Question

Linear algebra: Linear mappings (transformations):

I'm gonna use x' and 0' to denote vectors, and L is a linear mapping (linear transformation). Why does

\[0L(x \prime) = 0 \prime\]

(scalar 0 * L(x') = zero vector)

Answer 1

If it wasn't that way, it wouldn't be a linear map. It's one of the basic axioms of a vector space.

Answer 2

Do you have a more specific answer? I don't now why I'm struggling with this idea since it seems sort of "obvious" but I don't know which theorem or axiom is applied.
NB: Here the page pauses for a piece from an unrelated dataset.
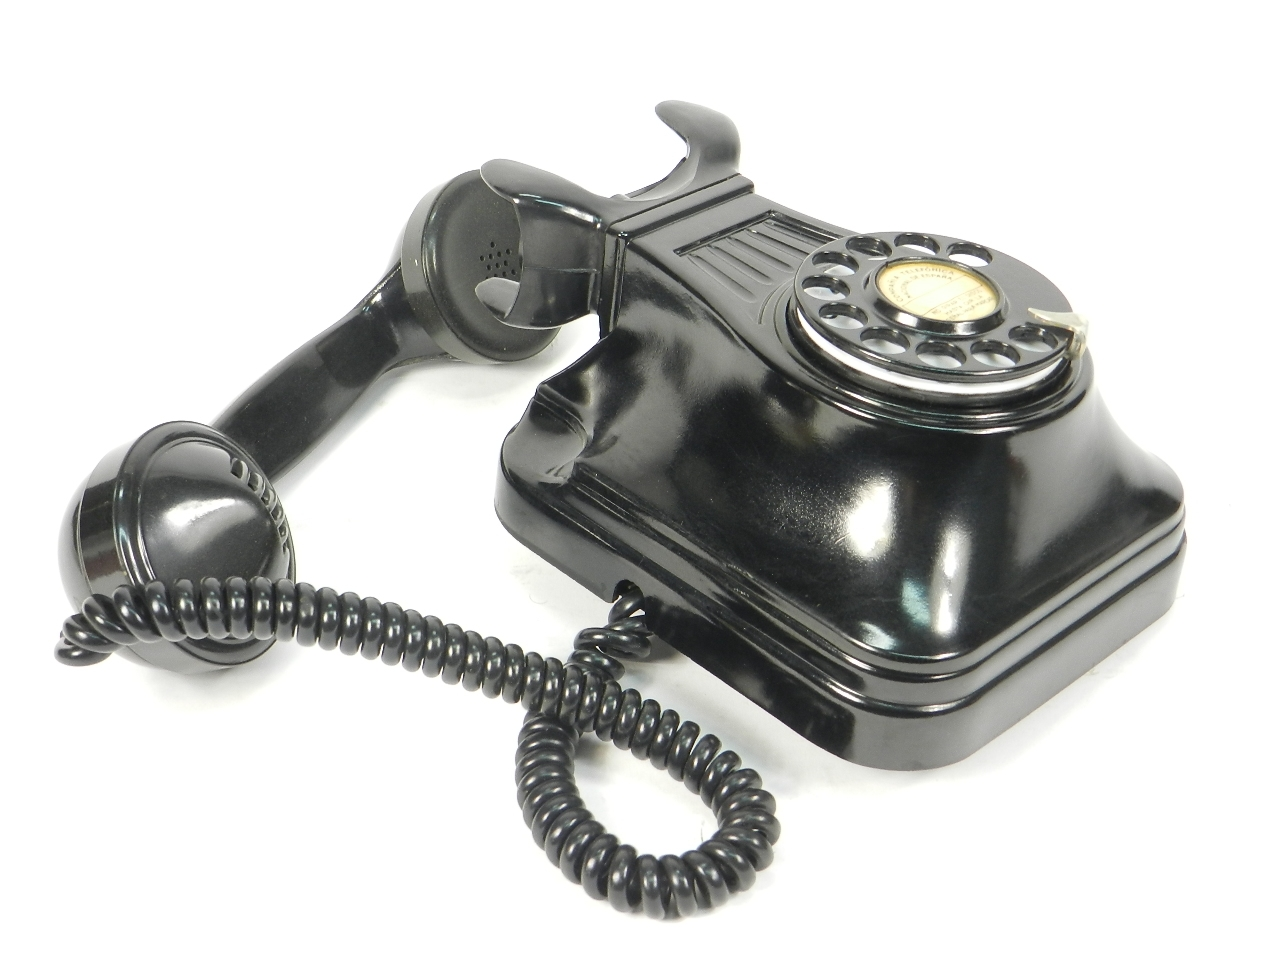 Imagen TELEFONO  STANDARD ELECTRICA  AÑO 1940 41819

The closest thing for vector spaces (V) relating to 0 vectors is:
a) There exists a linear mapping O: R^n -> R^m such that L + O = L. In particular, O is the linear mapping defined as O(x') = 0' for all x' in R^n

b) For each linear mapping L, there exists a linear mapping (-L) with the property that L + (-L) = O. In particular, (-L)(x') is the linear mapping defined by (-L)(x') = -L(x')

Answer 3

The way I see it, is that since L is a linear map between two vector spaces, it must preserve multiplication and addition. However, in any vector space, multiplying a vector by 0 must give the zero vector since you're multiplying the individual vector components by 0 (in more detail, this is because vector spaces are fields with a few extra things). Since you're multiplying the components by 0, the components become 0, so you get the zero vector.

Does this help?

Answer 4

Oh ok I see what you mean. Yes that helps thanks :)

Answer 5

You're welcome.